• Exercise data:
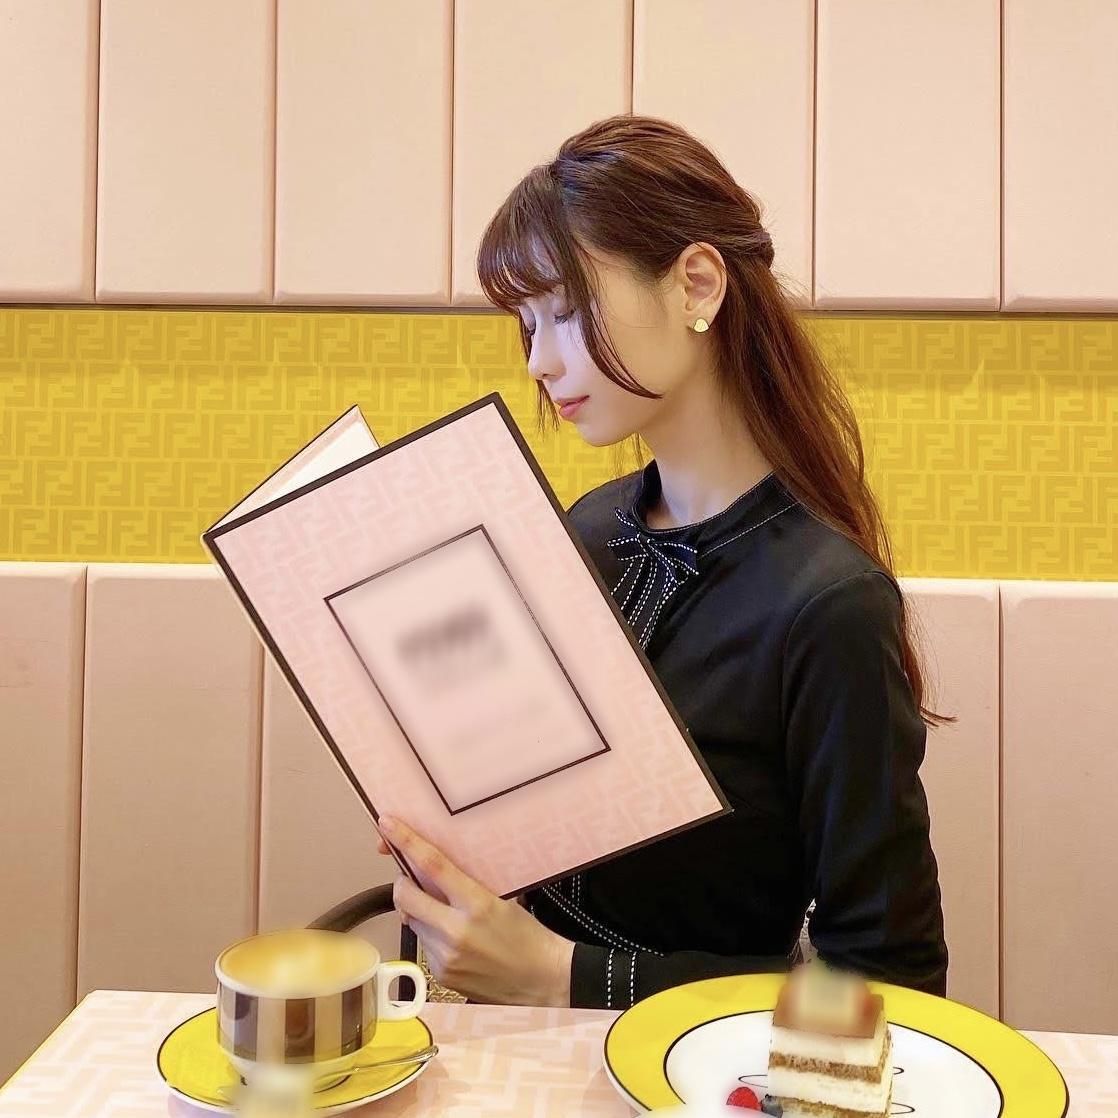 カフェでピンク色のメニューを見ている目を閉じた女性
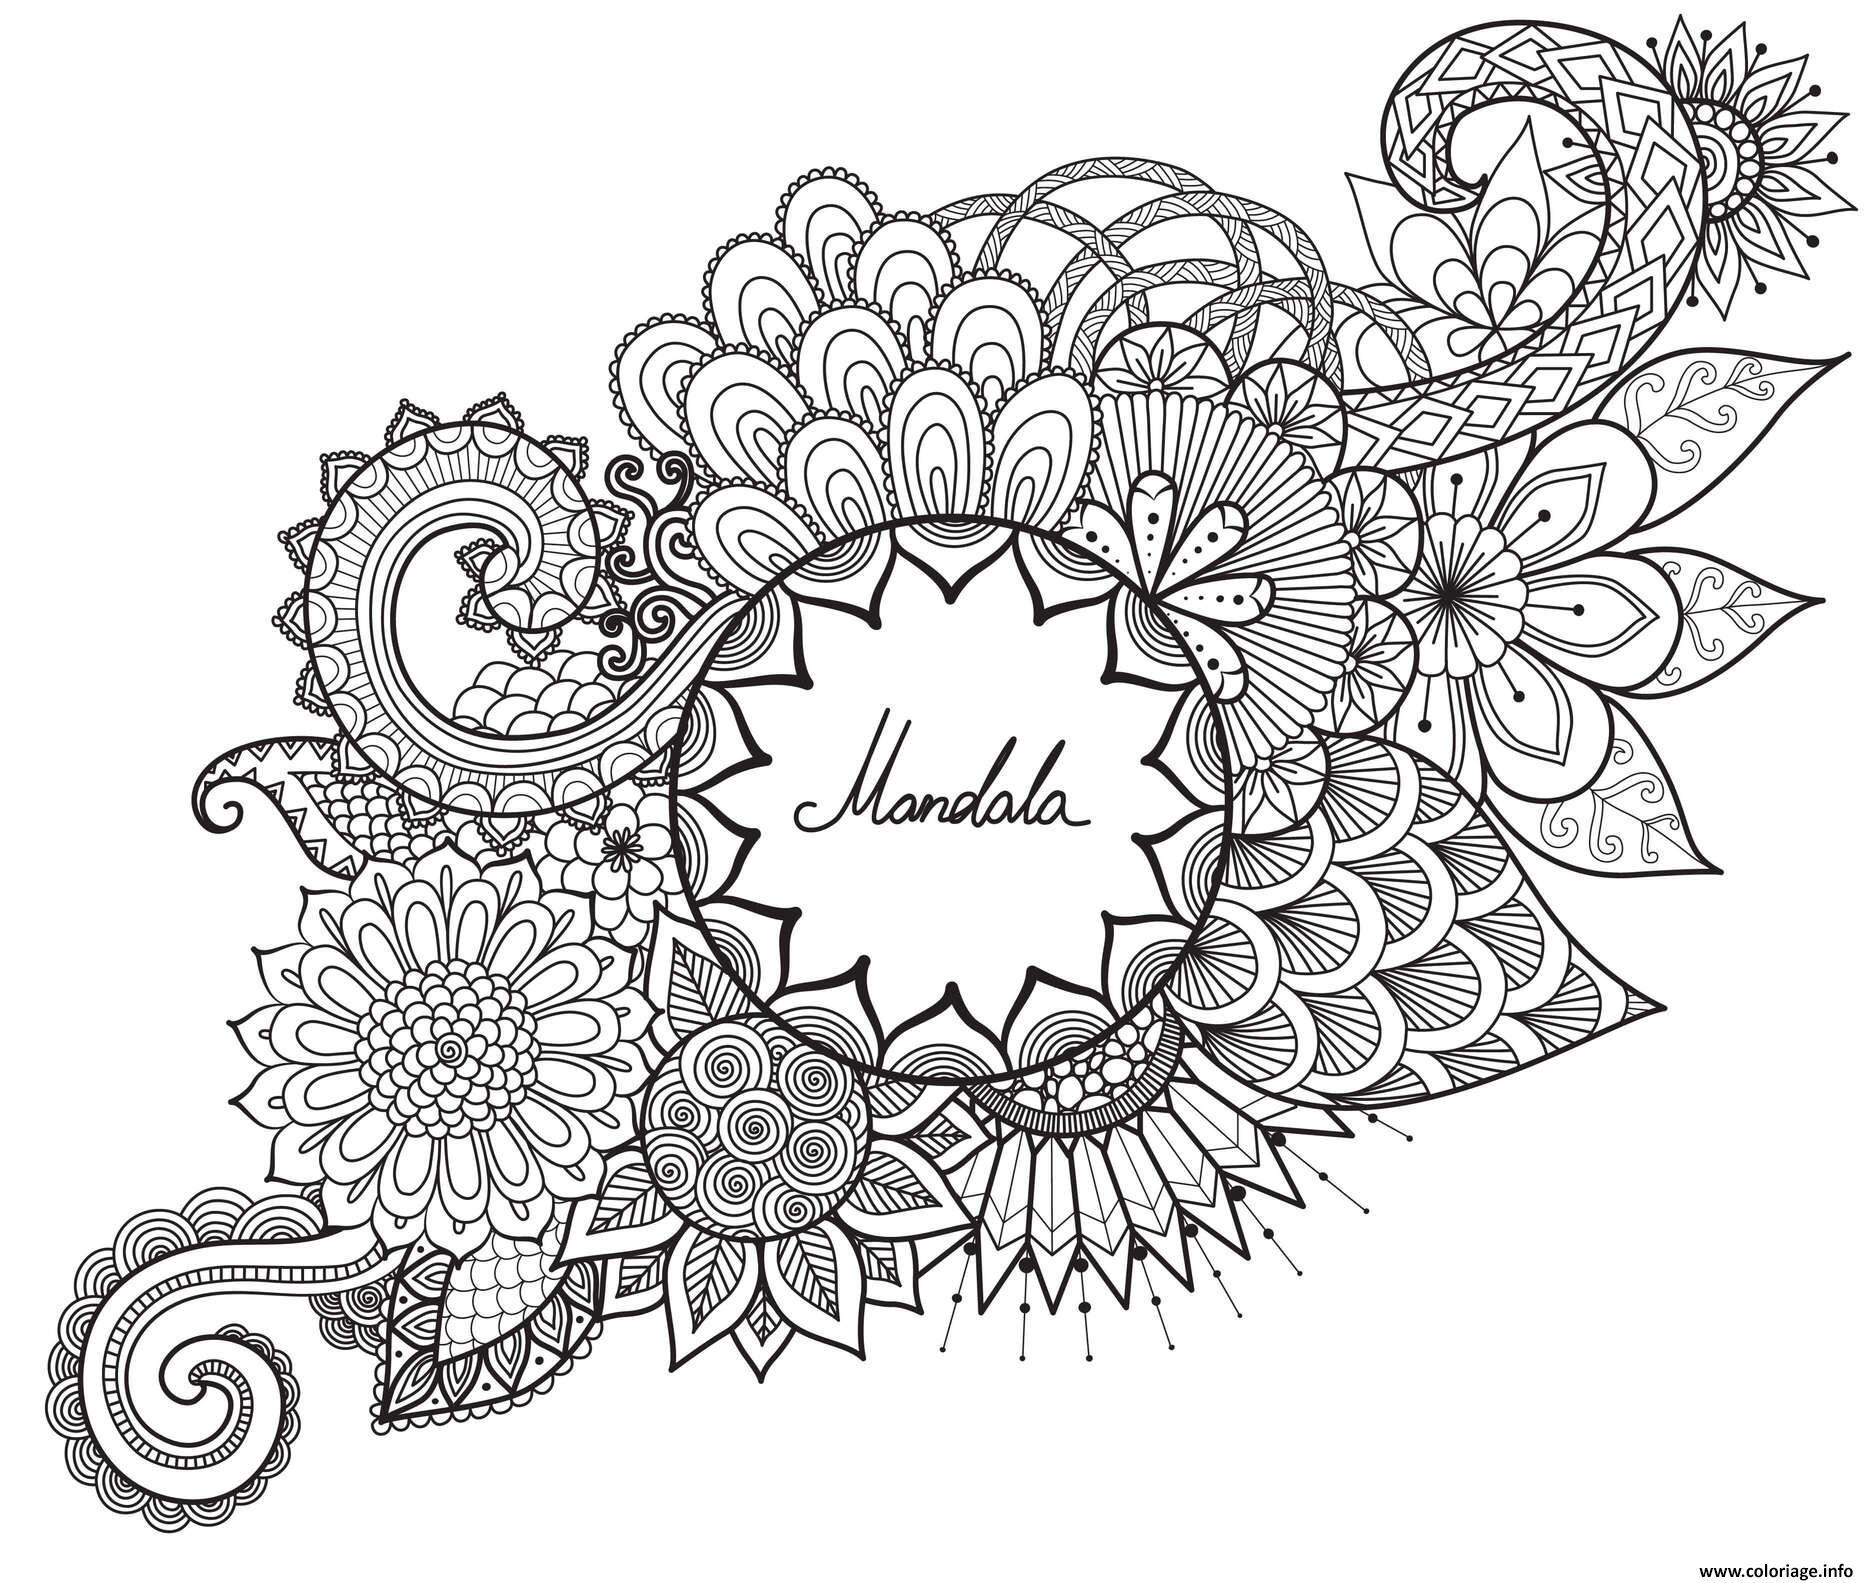 Coloriage Mandala Fleurs Et Vegetations Anti Stress Par Bimbimkha Jecolorie Com
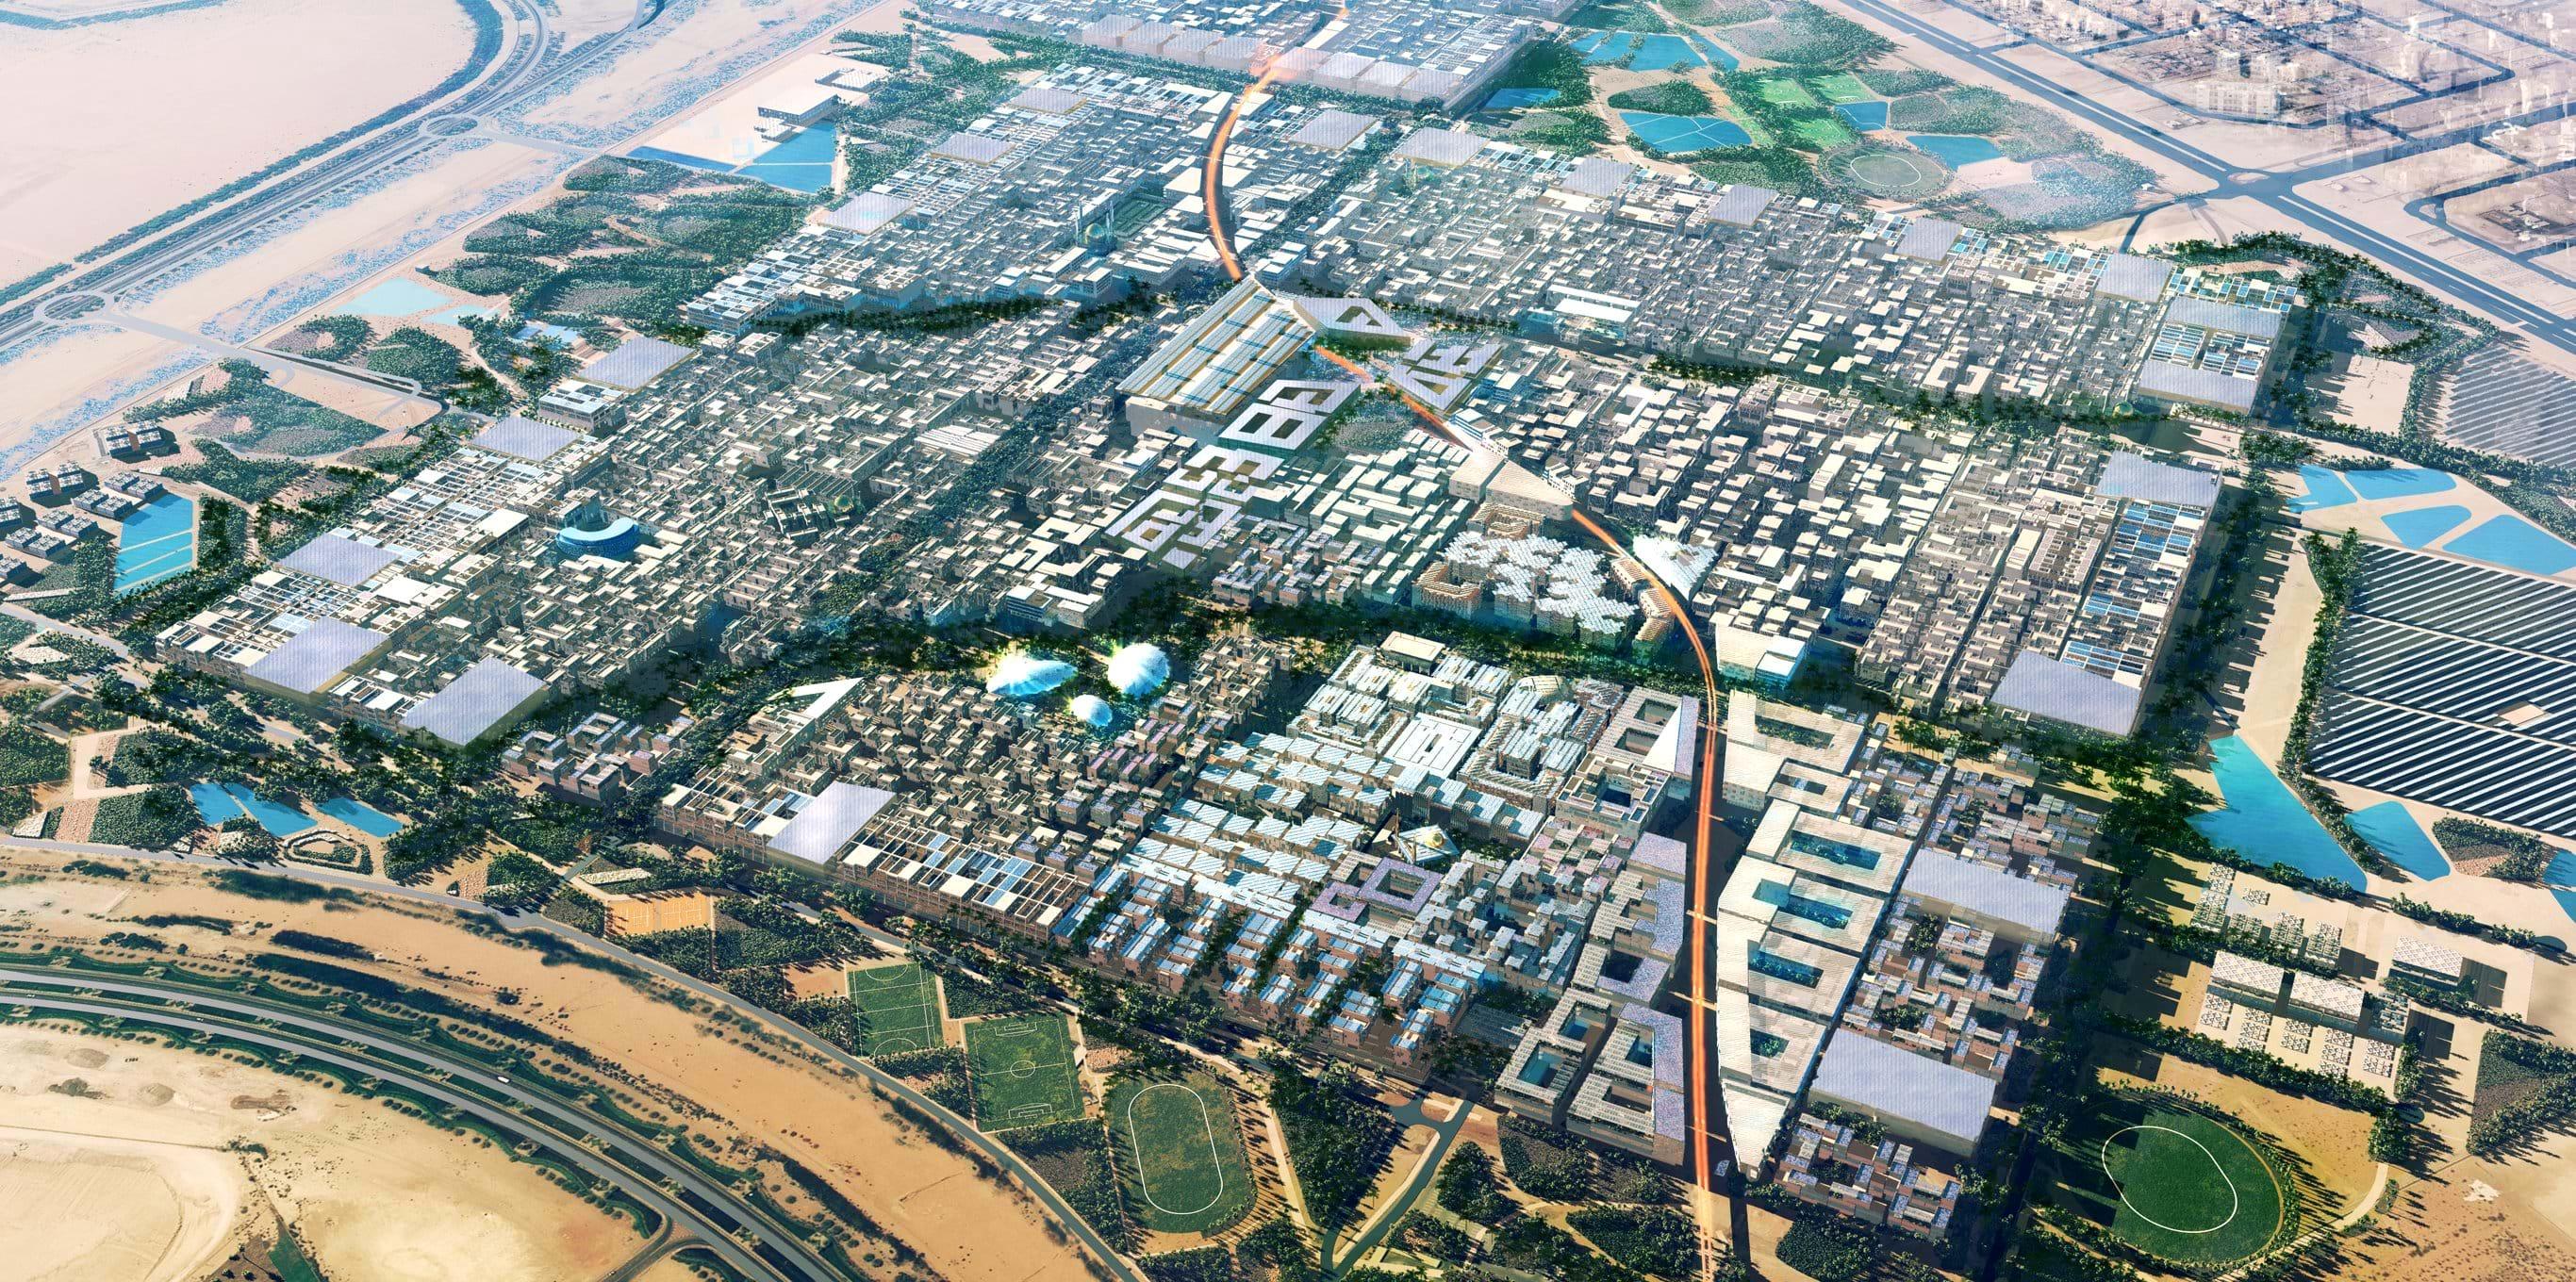 In Master City im in den Vereinigten Emiraten sollen einmal fast 50.000 Menschen leben. Derzeit stockt jedoch die Entwicklung. Nur das innerste Zentrum ist gebaut, nur rund 600 Menschen leben in der Stadt. Auch Siemens ist in der Stadt mit einer Dependance vertreten.

• Problem details:
Omit the pictures, then print the rest of the listing above exactly.

• Result of this exercise:
 カフェでピンク色のメニューを見ている目を閉じた女性
 Coloriage Mandala Fleurs Et Vegetations Anti Stress Par Bimbimkha Jecolorie Com
 In Master City im in den Vereinigten Emiraten sollen einmal fast 50.000 Menschen leben. Derzeit stockt jedoch die Entwicklung. Nur das innerste Zentrum ist gebaut, nur rund 600 Menschen leben in der Stadt. Auch Siemens ist in der Stadt mit einer Dependance vertreten.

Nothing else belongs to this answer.